Simple pointer array

The Var Dimension¶

The "var" dimension allows for the storage of ragged arrays, where the size of the dimension marked "var" does not remain constant. A single element of this type includes a pointer and a dimension size. The arrmeta contains a stride, just like the fixed dimension, along with a data reference and an offset, just like the pointer type.

We'll make a simple ragged array with type "2 * var * float64" to illustrate this structure.

Simple pointer array

Pooled Memory For Var Dimensions¶

An array with the structure we just saw won't normally "poof" into existence fully formed. It would instead start in some initial empty state, and be filled in element by element. DyND handles this by initializing all the var dim elements to NULL, then having the memblock for the var dim expose a pooled memory allocator interface. When we call nd::empty("2 * var * float64"), we get back an array object looking like this:

Simple pointer array

Pooled Memory For Var Dimensions¶

After assigning to the first element, we get this:

Simple pointer array

Pooled Memory For Var Dimensions¶

After assigning to the second element, we get the fully populated array:

Simple pointer array

Pooled Memory For Var Dimensions¶

This pooled memory approach has some advantages and some disadvantages.
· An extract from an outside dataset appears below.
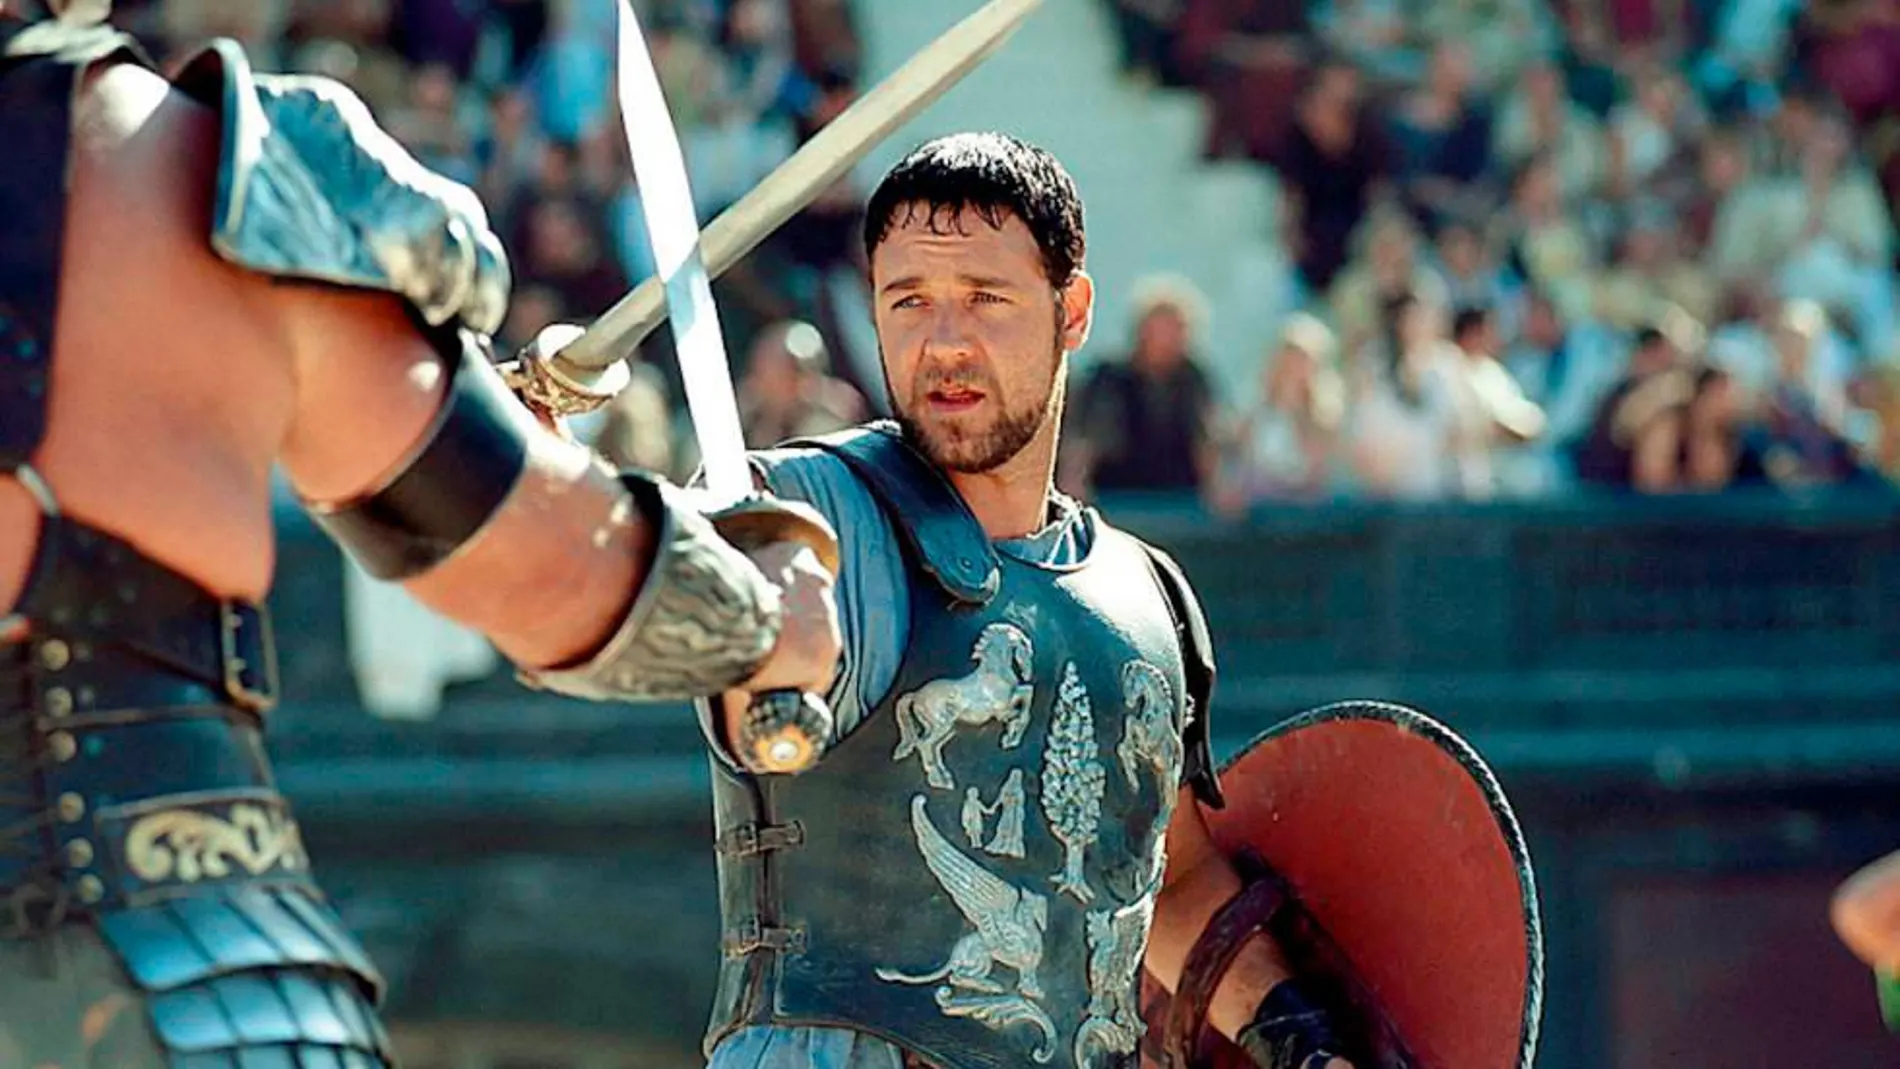 Peleas internas, heridos y una muerte: Así se forjó la leyenda de “Gladiator”
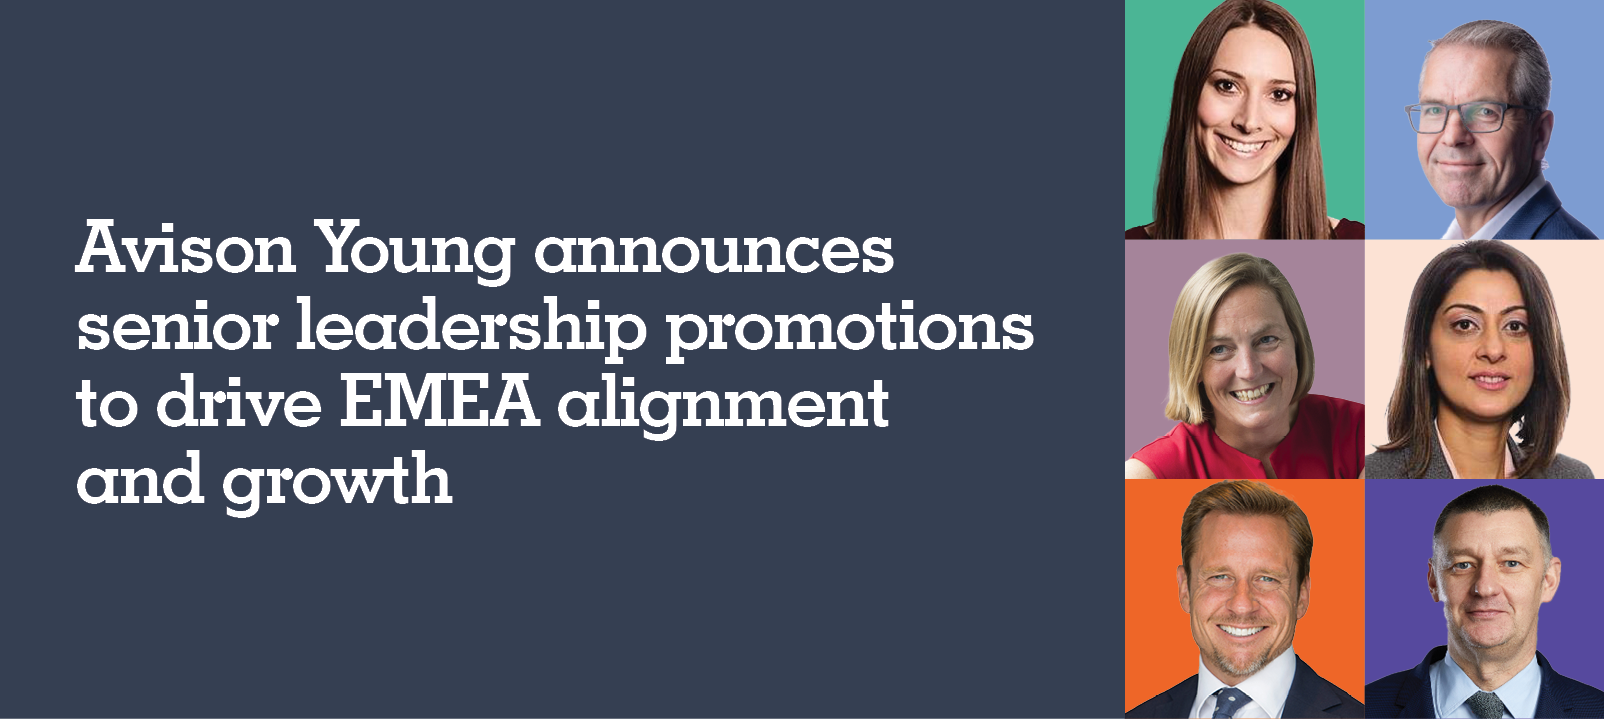 Avison Young befördert Führungskräfte für weiteres Wachstum in EMEA

A big advantage is that the data allocated in the pooled memblock can be viewed in the same way as other data in dynd memblocks. For example, if we access via a slice A[1, :], DyND will collapse the singular var dimension into a fixed dimension.

Simple pointer array

Pooled Memory For Var Dimensions¶

A big disadvantage of the pooled approach is that resizing an element of a var dimension after it has been created isn't allowed. If it were allowed, very simple code which repeatedly resized an element would be causing many allocations without any frees, a highly unexpected behavior.

DyND needs support for non-pooled allocations as well, for all of the string, bytes, and var dimension types that currently only support pooled allocations. The details of this hasn't been fully worked out, but it may be that this gets done by having the memblock of the dataref expose different kinds of memory allocators for the pooled and non-pooled cases.